Building levees, however, demands cooperation guided by some overall
authority, which is what governments are for. A levee protects the
land behind it only by shunting water onto other lands, which then
require their own levees to shunt the water back, and downstream, and
even, as it turned out, upstream. Competition among levee-builders is
no panacea, but an endless vicious spiral or "positive feedback
loop". Over a century it has led step-by-step to levees four
stories high. At one time some engineers, spurred on by ambitious
local levee districts, thought that such levees would cause the River
to scour its bed and sink down, but the opposite has occurred.
Analytically, the problem is analogous to that of rivals pumping
water or oil from a common pool; or fishermen competing by taking fish
from each other. In those other contexts, private-property fanatics
(i.e. most modern economists) see a "tragedy of the commons"
and prescribe privatization, an idea that fits their doctrinaire
thinking as comfortably as an old shoe. Levees, however, are there to
protect lands already private, and call for different thinking.
Since the Mississippi Valley covers half the country, the central
authority has to be Federal. In the great flood of 1927, Calvin
Coolidge let Herbert Hoover make himself czar of the river system.
Hoover, who fostered cartels in industry, declared that prosperity can
be organized by "cooperative group effort and planning" --
i.e. by coordinating expectations consciously, from the top down. It
was too late, however, to keep the power elite of New Orleans, who ran
Louisiana, from dynamiting the levee protecting St. Bernard and
Plaquemines Parishes, saving the City by flooding the rednecks. These
responded by electing Huey Long Governor in 1928, breaking New
Orleans' hegemony for good.
Meantime, Hoover and a few rich power-brokers organized the Tri-State
Flood Control Commission to coordinate efforts among at least
Louisiana, Mississippi, and Arkansas. The upshot was to strengthen
Federal authority by giving Federal dollars for levees without
requiring any local matching. Coordination was achieved by making
local governments plaintive supplicants (like Mayor Nagin and Governor
Blanco) at the public trough, brokered by the highly politicized U.S.
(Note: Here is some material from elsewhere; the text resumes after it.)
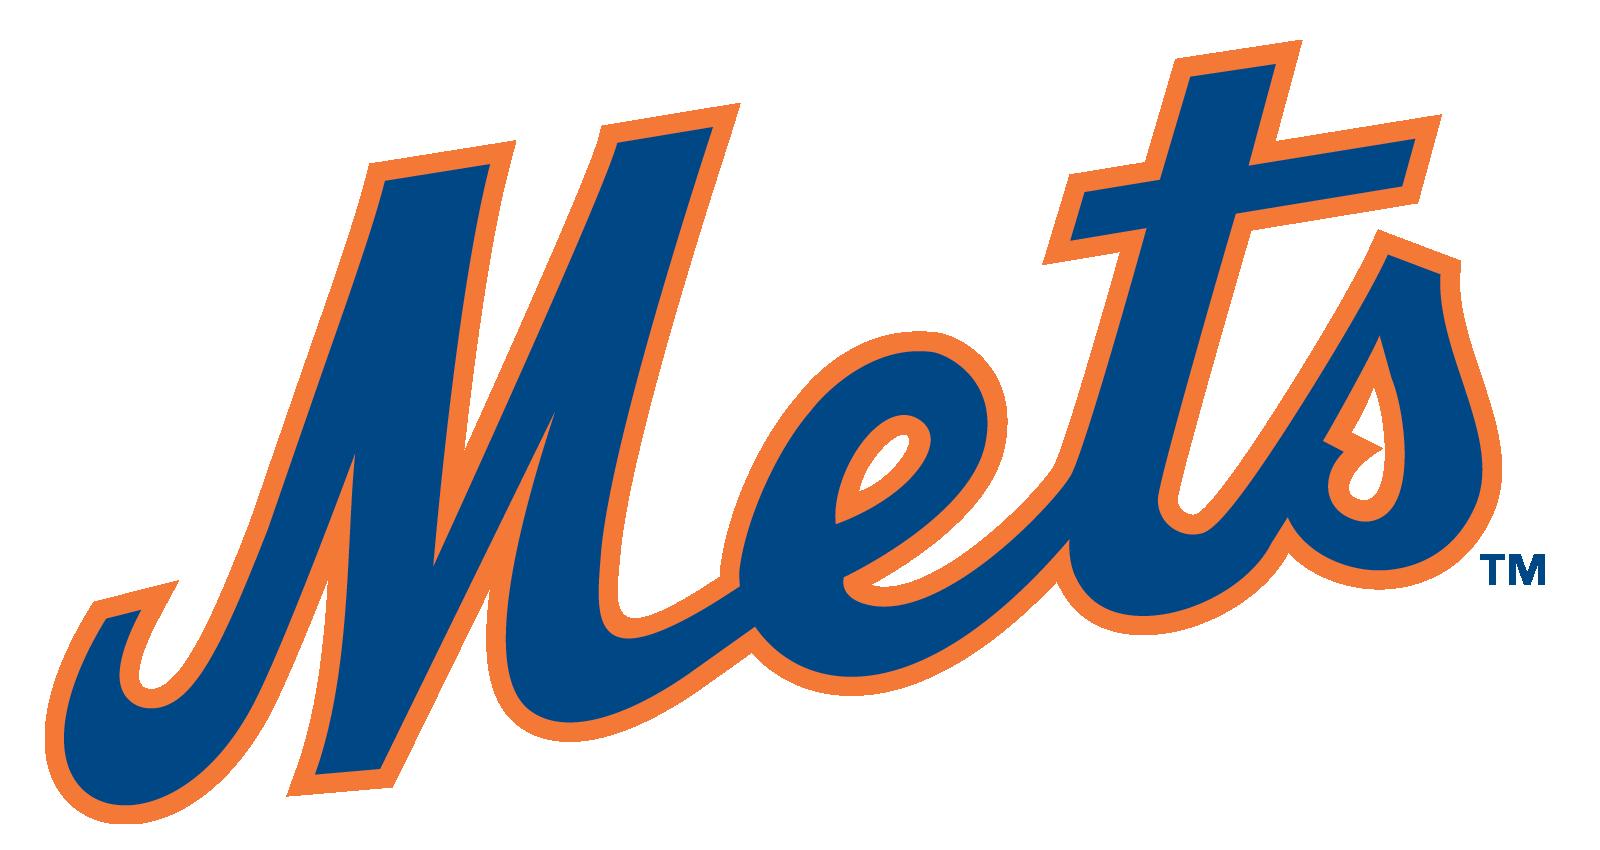 new york mets logos download rh logos download com mets logos free mets logos through the years
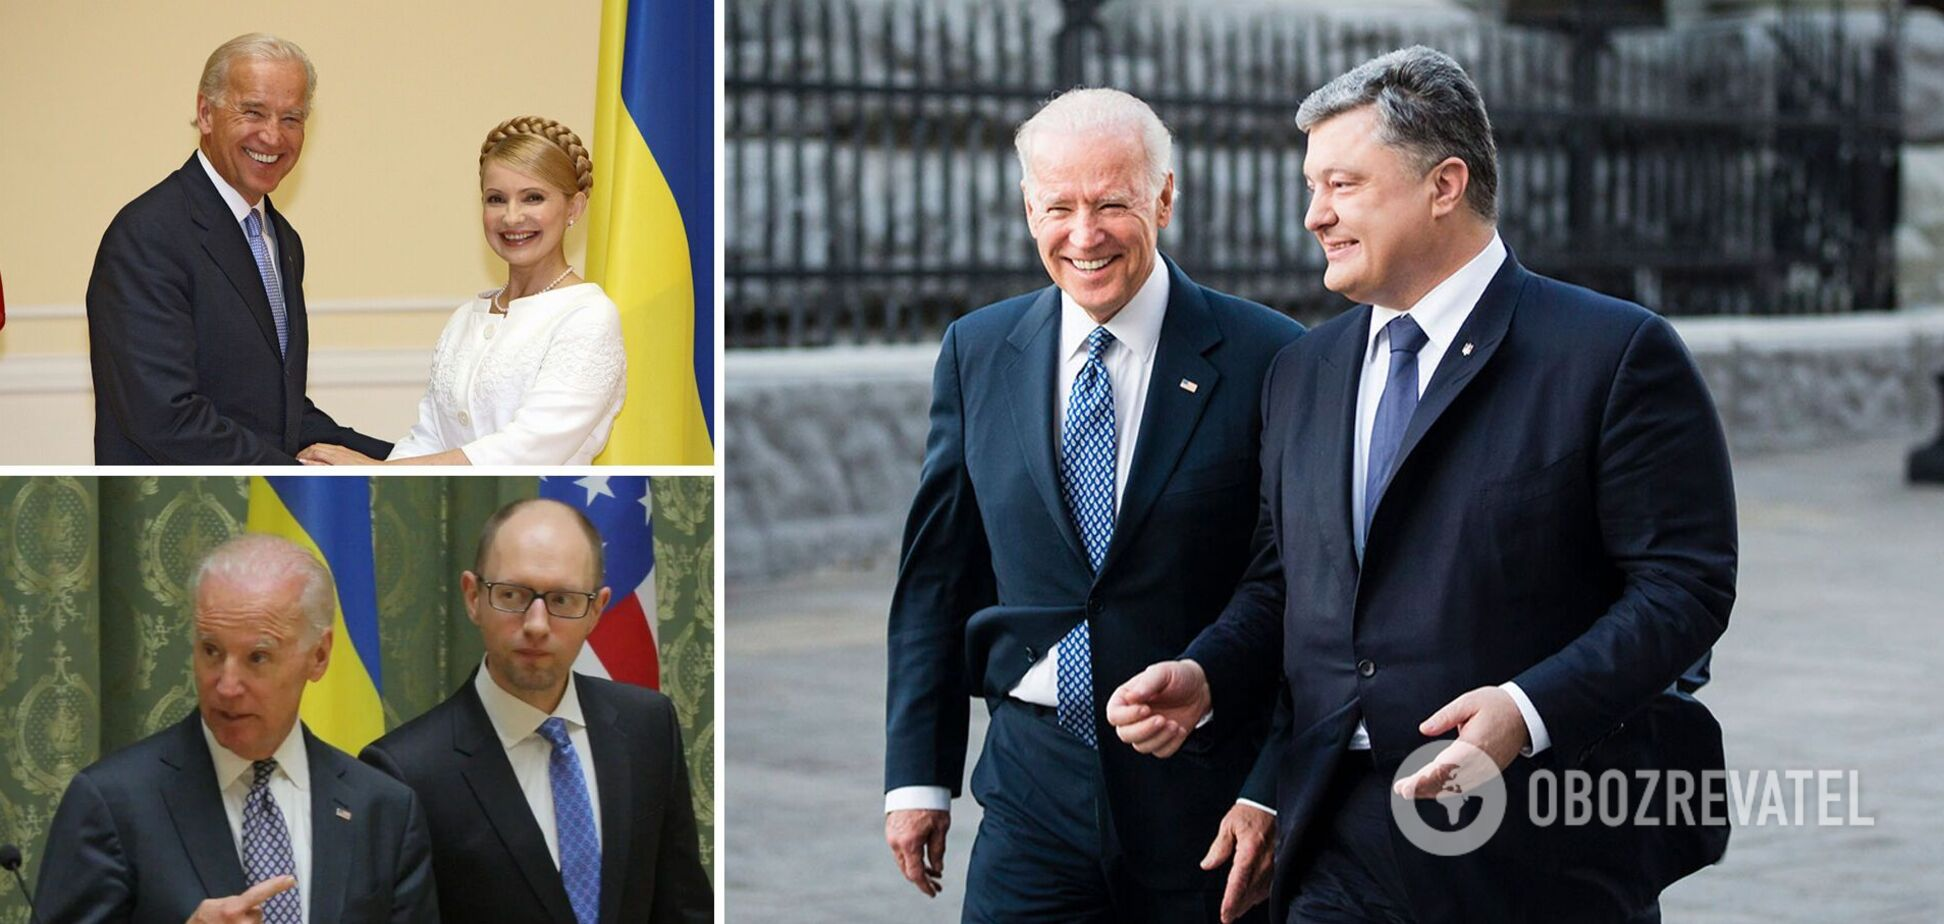 Джо Байден и украинские политики

Army Engineer Corps. Over time this arrangement has entailed less
coordination, and more pork - the opposite of what San Francisco faced
in 1907.
Hoover's czardom also came too late to allocate lands for a bypass or
spillway, such as the broad one west of Sacramento that protects the
lower Sacramento Valley. Too many oxen would be gored to make good
politics. The New Deal did begin the massive program of reservoirs up
north, to supplement the levees down south. Well and good, even if you
harbor doubts about big dams, but they offered no protection against
Katrina's attack from the south, any more than the guns of Singapore,
fixed to shoot out to sea, could protect that city from the Japanese
overland attack from the north in 1942. The overbuilt levees, legacy
of 150 years of the slow vicious spiral of misdirected competition to
beggar-thy-neighbor, finally betrayed the city.
What to do now? A strong dose of Georgist tax policy will revive the
private sector of any city, and the surrounding rural areas too. As to
flood control, we need an integrated system that will sacrifice some
lands as spillways to protect others, and a tax system that will
compensate the losers (including the landless) from the gains of the
winners. Given such integration, engineers since James B. Eads in 1870
have developed workable plans for the whole river system. It would
take a catastrophe to shock Americans into such a new mode of thinking
-- but the catastrophe just occurred, so let's get thinking.